BDDS 6 2013 Card costumes

The work in question was Beethoven’s “Archduke” Trio, Op. 97, an unqualified giant and genius of a work from The Master. But instead of the loud, somewhat martial approach that the opening theme invites — similar to the “Emepror” Piano Concerto — the players emphasized the softer side and balance, especially the dialogue between the violin and cello.

The effect of such subtlety and nuance was to hear an old and familiar work as if it were new and unfamiliar. It was a quiet triumph that proved beautiful and totally engaging.

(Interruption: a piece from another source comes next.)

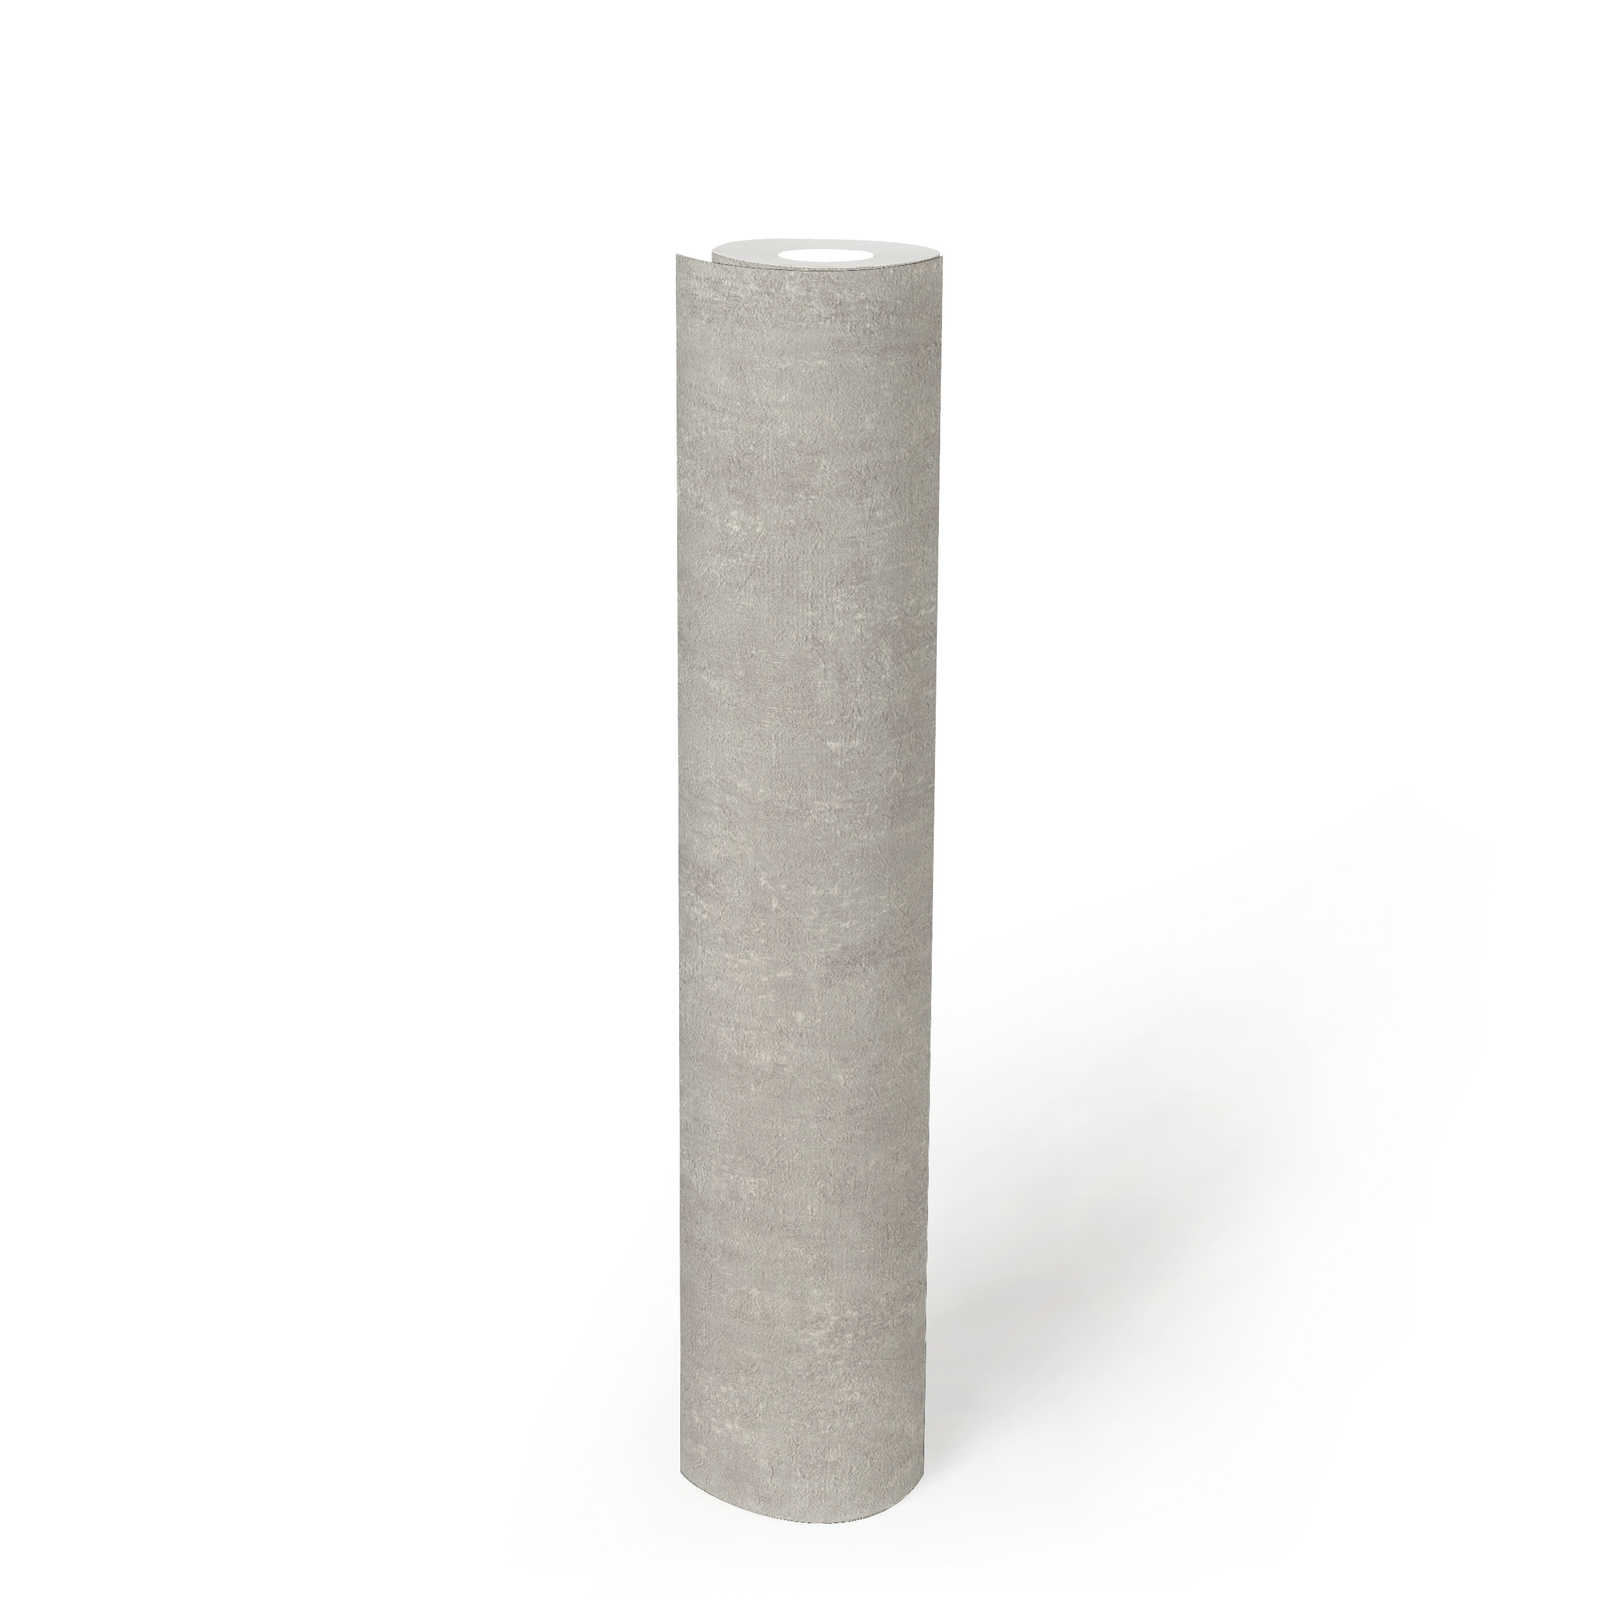             Carta da parati in tessuto non tessuto struttura in cemento grigio chiaro screziato - grigio

BDDS 6 2013 Playhosue Beethoven Archduke Trio

So at the end of the BDDS season, what are you left with?

Well if you are at all like The Ear, you are not especially anxious for winter to return, especially given the long, wet and cold spring and summer we have had so far.

But if you are like me, you too are anxious to see what cards (so the speak) the Bach Dancing and Dynamite Society has up its sleeve for next season – its 23rd– and eventually for its Silver Anniversary 25th season.

The old saying has it that the only thing we can be sure of is change.

In the case of BDDS, The Ear would simply add the words “and great music.”